Sustainability benefits everyone

As a company, we are proud of the current sustainability initiatives we have in place. We also acknowledge that there is room for improvement. New systems are continually being reviewed to help us reduce our environmental impact, and we have identified the STeP certification by Oeko-tex as a goal to work towards in the future.

We have made the following commitments to ensure our Vietnam manufacturing facility is a sustainable operation:

Waste management

Recyclable waste

Waste is disposed into bins for either recycling or normal waste, the bins are then transported to the rubbish warehouse. Some waste is repurposed beforehand, large fabric off-cuts are used in garments when appropriate, and plastic bags are reused to store small items of stock.

In the warehouse, recyclable waste is further categorised into cans, plastic bottles, glass bottles, cardboard and fabric. This allows the recycling company to operate more efficiently – glass bottles have a different recycling process to plastic bottles for instance. Waste is then collected from the warehouse by certified waste management/recycling companies.

Hazardous waste

Given the nature of our operations, hazardous waste is minimal. It is kept in secure, temporary storage while waiting to be removed by certified waste management companies.

Resource management

Resource management limits unnecessary consumption. This is achieved through the following processes:

Quality management system (QMS)

When mistakes are made, resources are wasted. The goal of a QMS is to increase efficiency, which in turn decreases the waste of resources. Quality control is an integral part of our manufacturing process. Garments are regularly measured and tested during and after production, this ensures that they meet customers’ requirements.


Systems are in place to encourage consolidation of shipping. This goes for large shipments of garments, all the way down to posting samples.
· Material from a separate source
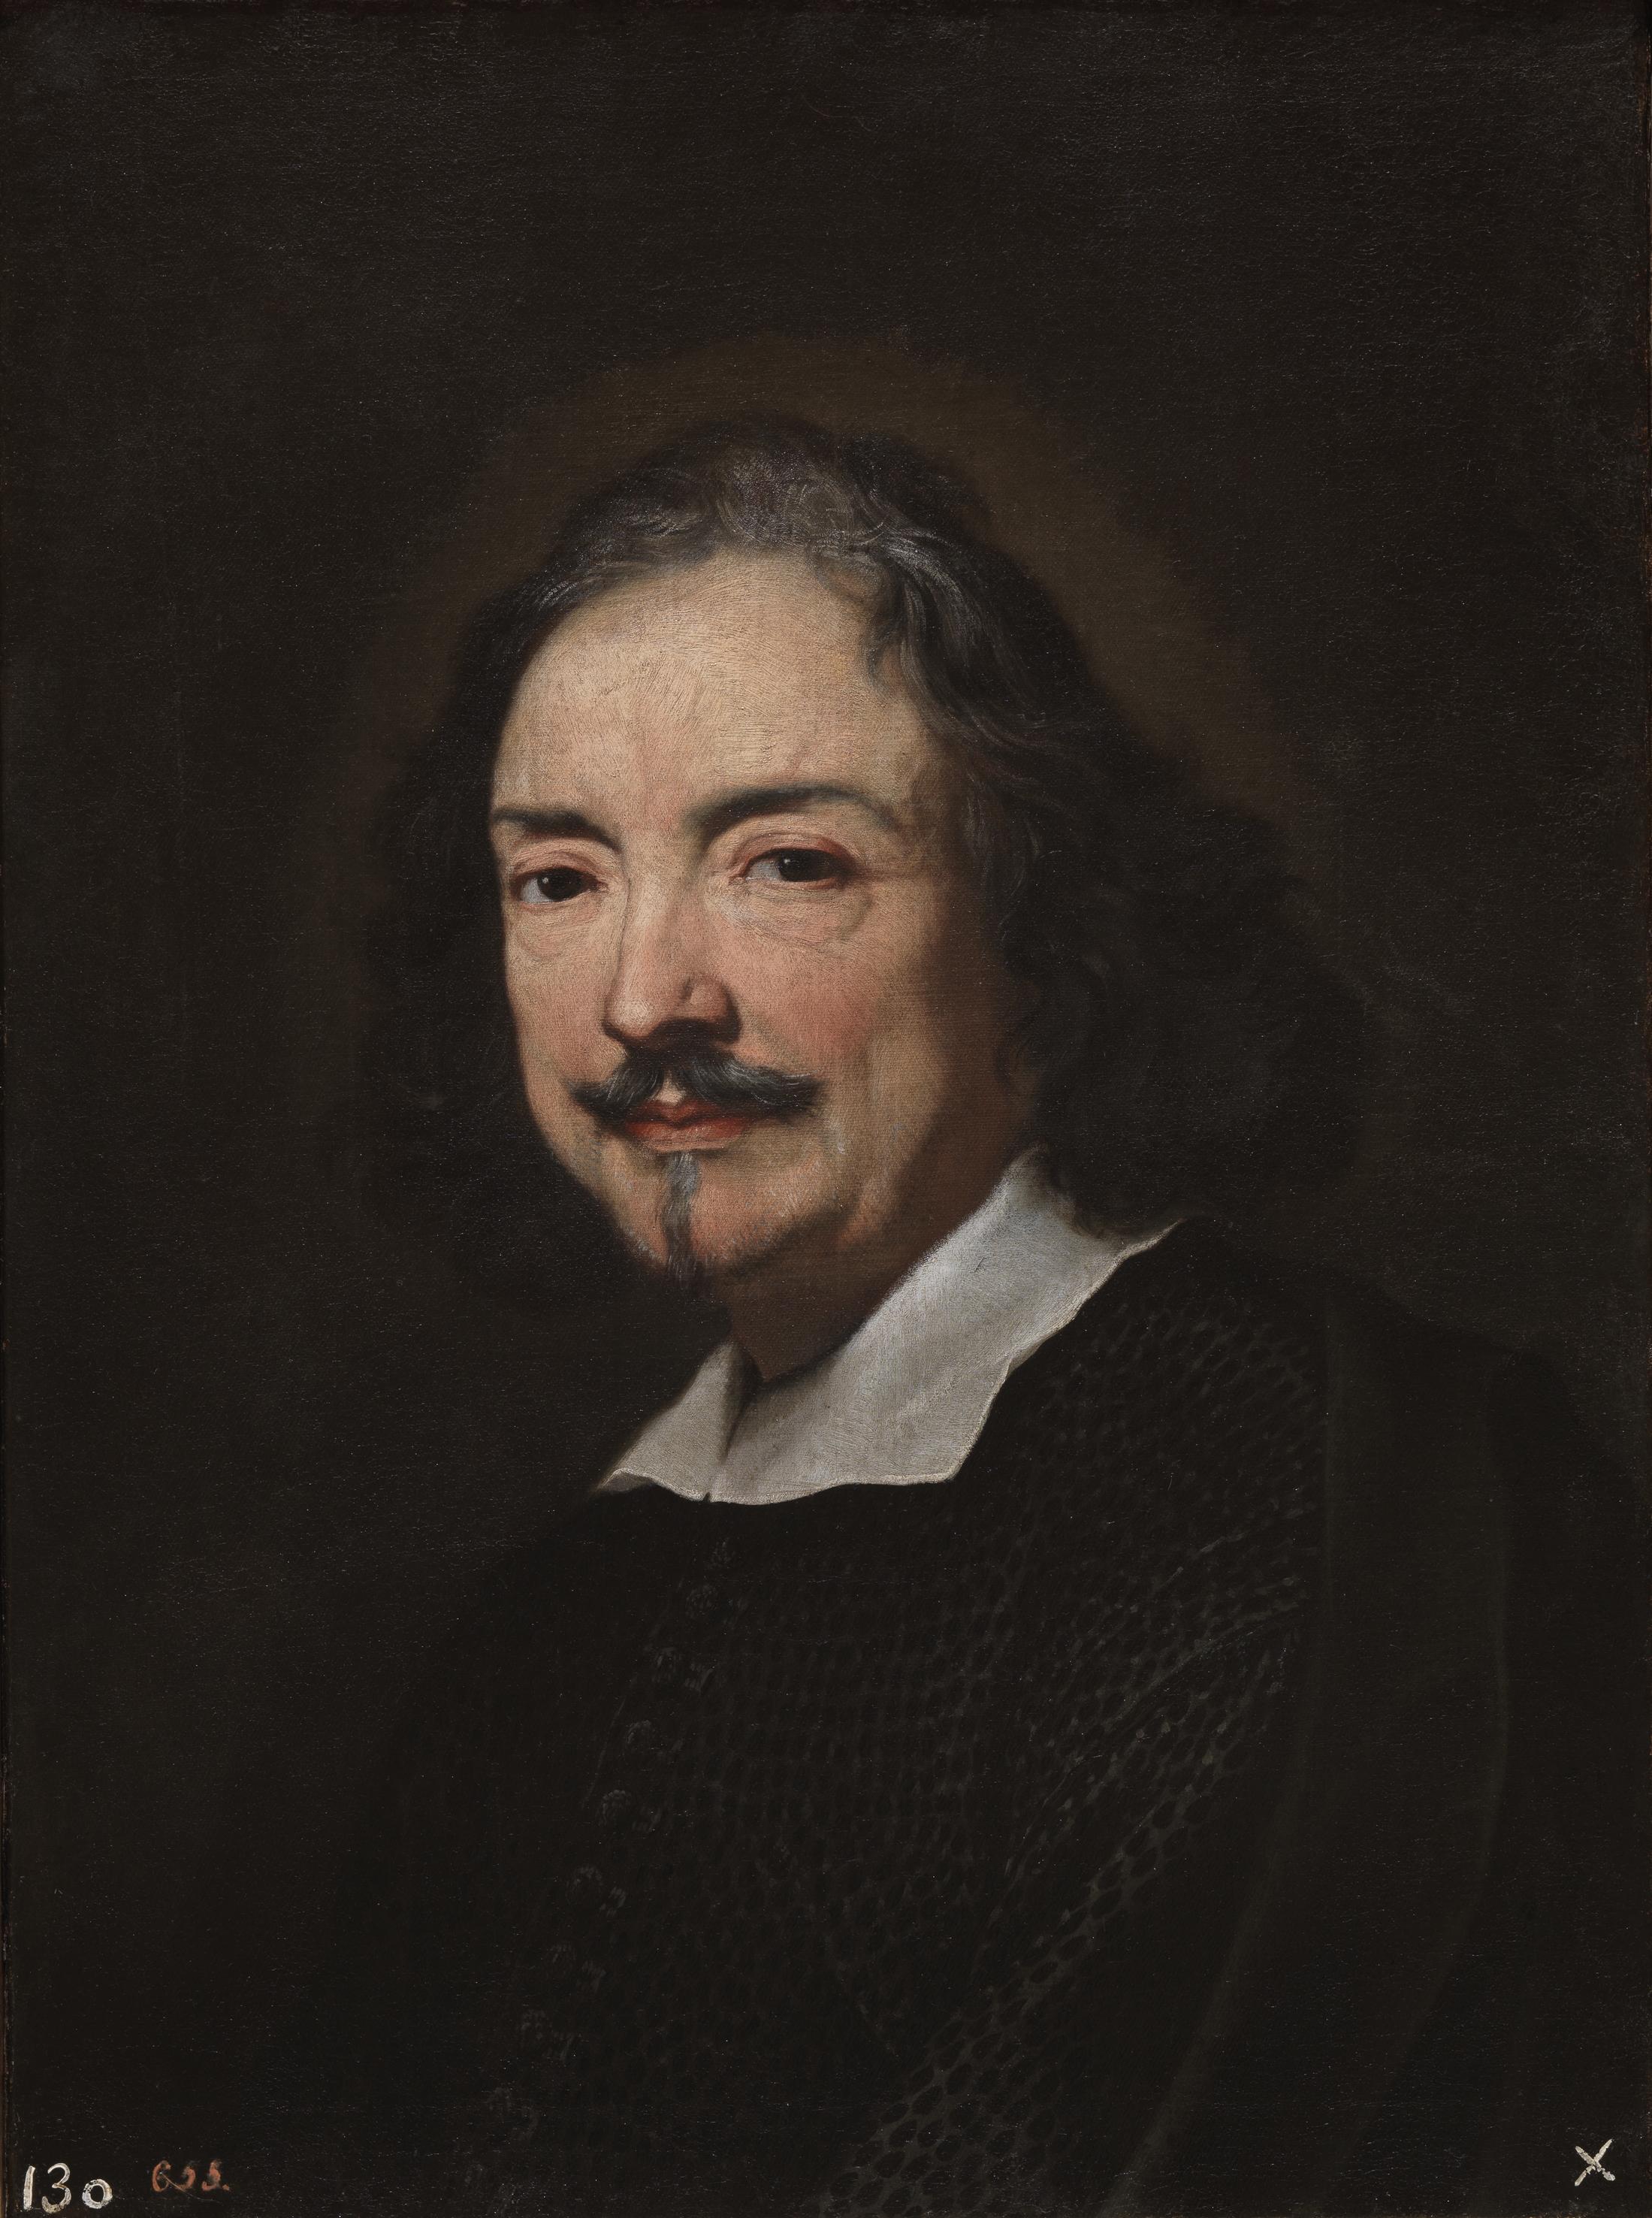 Depiction of Andrea Sacchi
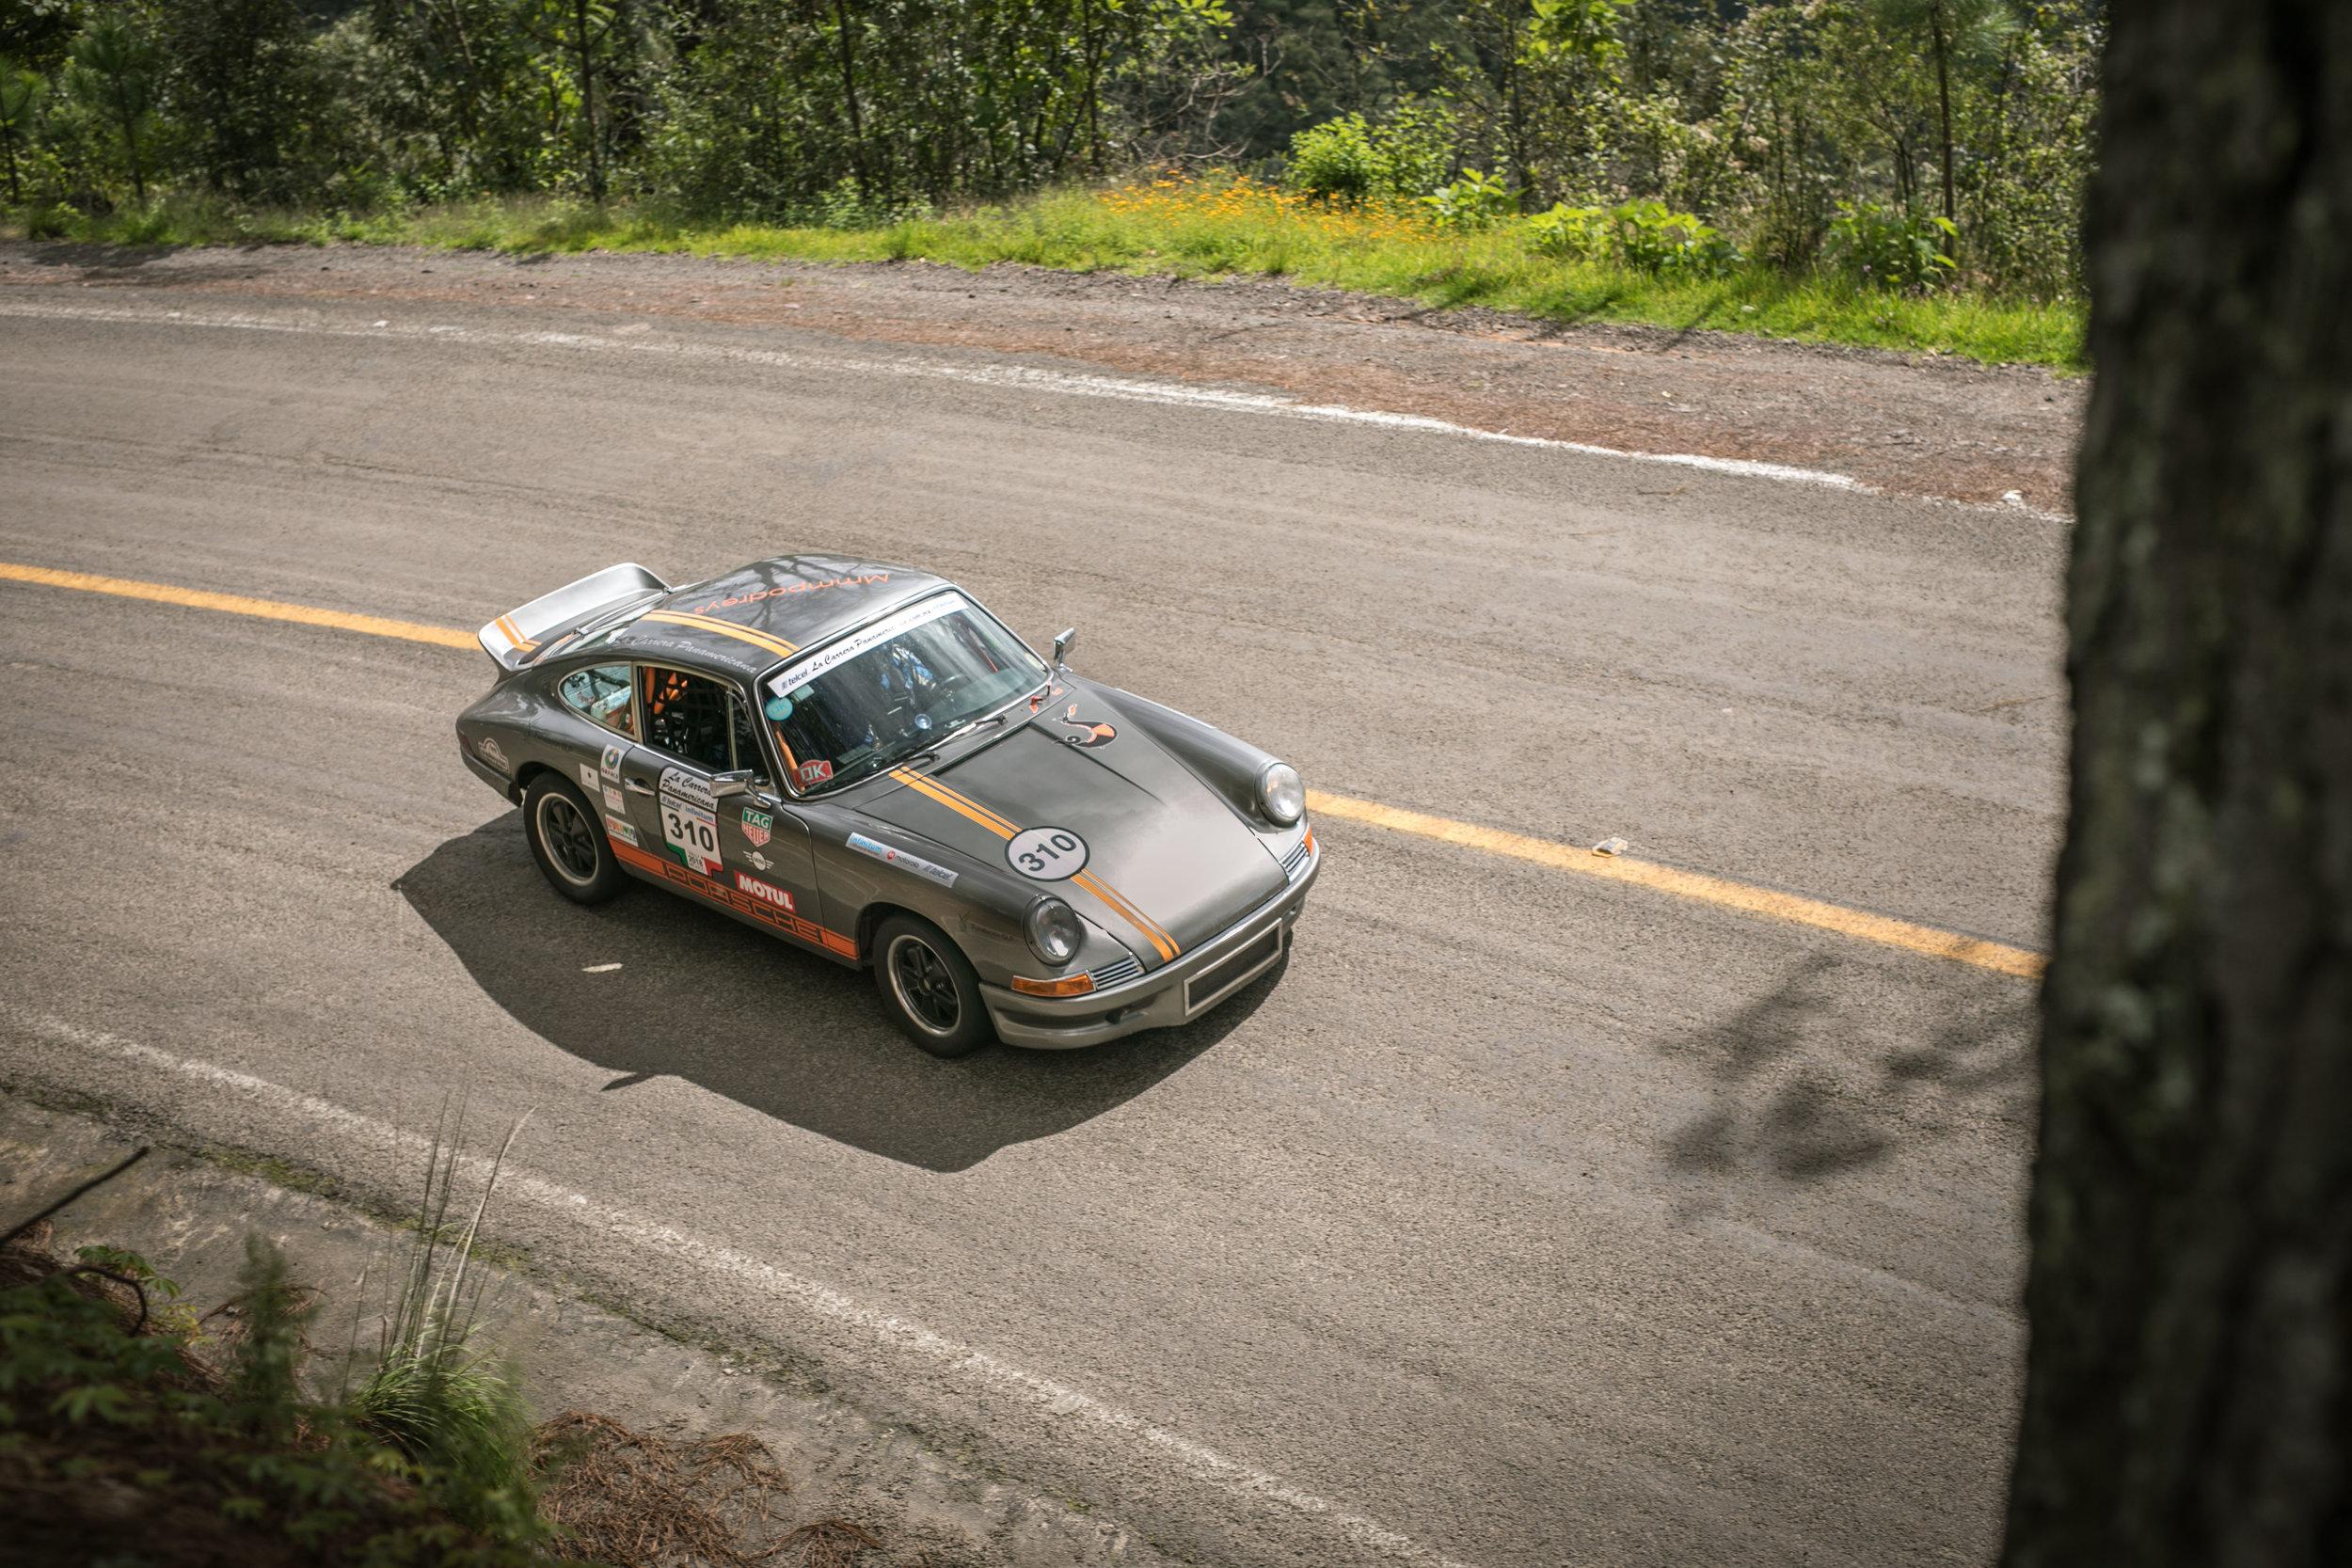 Carrera Panamericana_1 (1 of 2).jpg

By delivering more goods together, less carbon emissions are used in transportation.

Supply chain interaction

We encourage sustainability to be a team effort from all parties in the supply chain. Suppliers who can’t meet the expected standards for sustainability are not chosen for procurement. We also help customers limit their environmental impact, working alongside them to find alternative packaging to reduce plastic bags and encouraging the use of recycled plastic if necessary. For some customers we pack 5-10 garments per bag to reduce the use of plastic.

With the growing call for sustainability in the workwear industry, we have been increasing our supplier network with mills that offer recycled fabrics and environmental certifications. This puts us in a strong position to fulfil the growing need for sustainable manufacturing.

Manufactured capital

This refers to all the material resources and energy consumed during the manufacturing process. We have several initiatives to increase the sustainability of manufactured capital.

Rain water is collected and stored in water tanks, which is then reused for the temperature cooling system and bathroom facilities. Lighting has recently been overhauled with more efficient LED lights, and motion lighting has been installed in the bathrooms. Water coolers have been placed around the factory to discourage single use water bottles.


Employees are taught how to act in a sustainable manner. A simple example is printing paper on both sides, or even better, going digital and only printing if necessary. Posters are used throughout the work place to encourage sustainability practices. To save energy, employees turn off the lights during lunch break, this lowers temperatures in the factory, which means less energy is spent on cooling. Employees are also educated about which items can be recycled and how to use the recycling bins.

SMETA audit

SMETA stands for Sedex Members Ethical Trade Audit. With the SMETA audit, customers and stakeholders can be sure that we are operating in an ethical manner. Currently, we have been assessed under the ‘SMETA 2-piller audit’, the elements assessed during this process are:

  • Labour standards
  • Health and safety
  • Management systems
  • Entitlement to work
  • Subcontracting and homeworking
  • Environmental assessment

As a commitment to our social responsibility efforts, we plan to achieve the criteria for the ‘SMETA 4-pillar audit’ by 2020. This audit covers all the aspects previously mentioned, but also features a more complex environmental assessment, and a deeper look at business ethics. This will further enhance transparency of our manufacturing process.